Sentinal Node Biopsy / Node Disection

Sentinel Node Biopsy is a procedure commonly performed as part of the management of breast cancer and melanoma. The Sentinel node is the first lymph node which receives drainage from lymphatics within a specific region. By removing the sentinel node, one can determine whether cancer cells have spread to the node itself. This will help with predicting long term outcome and will guide further management. The sentinel node can be located by injecting radioisotope near or adjacent to the tumour site prior to surgery. Thereafter, a lymphoscintiscan is often performed to map out the site/s and number of sentinel nodes. In the context of breast cancer, this is usually in the axilla(armpit). For melanoma, the sentinel node may be located in the neck, above the clavicle (collar bone), axilla or groin, depending on the site of the initial lesion and the lymphatic drainage. Blue dye may also be injected during surgery to assist with sentinel node identification. The sentinel node is then removed and sent to the laboratory for microscopic analysis to check on whether there are tumour cells present.

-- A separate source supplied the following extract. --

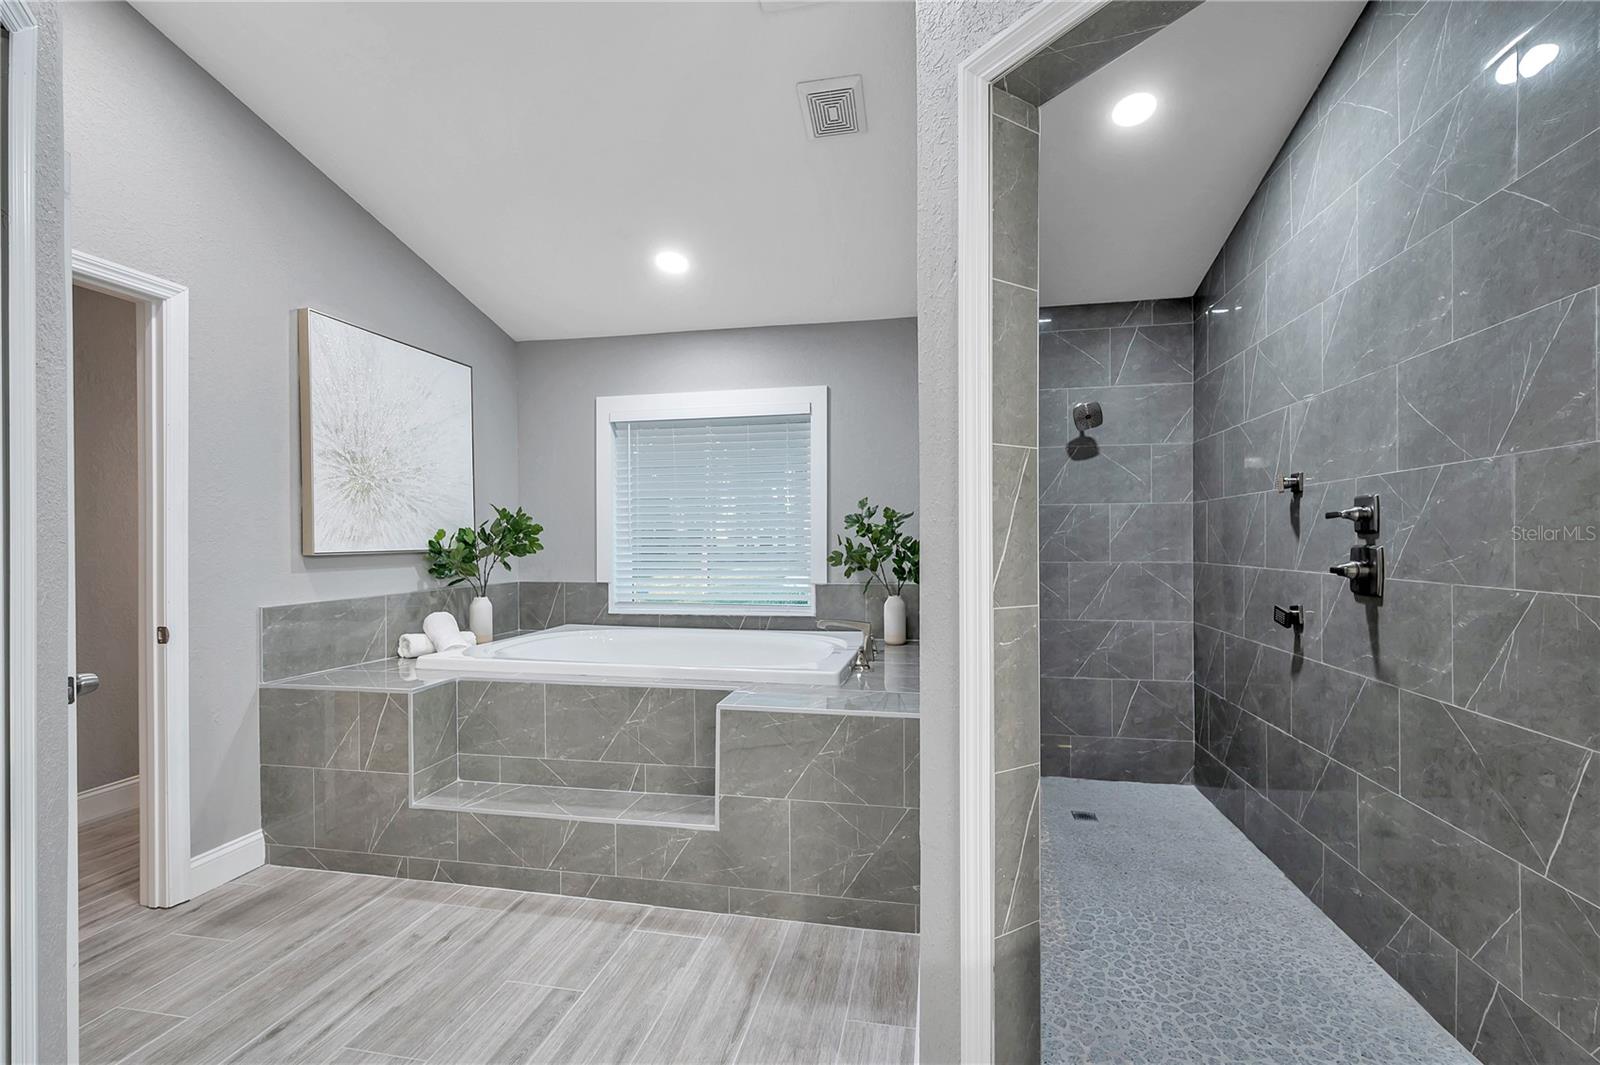 Garden tub & floor-to-ceiling tiled shower.

It is important that the sentinel node biopsy operation is performed by a surgeon who is specifically trained in the technique and regularly performs the procedure. This ensures the highest chance of success in finding the true sentinel node/s so that an accurate result can be obtained.

If a sentinel node is involved with tumour cells, further surgery is often necessary to remove the rest of the lymph nodes in the same nodal group to ensure that any tumour cells remaining are adequately removed from that region. This operation is variably known as Nodal Dissection or Clearance, Block Dissection, Neck Dissection, Axillary Dissection or Axillary Clearance and Groin Dissection, depending on the site of the nodal group. The surgery is performed with meticulous attention in ensuring that the nodes and lymphatics are completely and cleanly removed (“en-bloc resection”), so that there is no tumour spillage into surrounding tissue. A drain is inserted after a nodal dissection to drain seroma fluid which is naturally produced by the body and secreted into the tissue space. This drain is removed once the drainage slows down which can take up to 1 – 2 weeks after surgery (sometimes longer). Once the drain is removed, it is not uncommon for the body to continue to produce seroma fluid within the operative site. This is usually reabsorbed over time but if a large volume is produced, it may result in a visible swelling that becomes uncomfortable. This usually requires needle aspiration which may be repeated as often as necessary until resolution of the collection.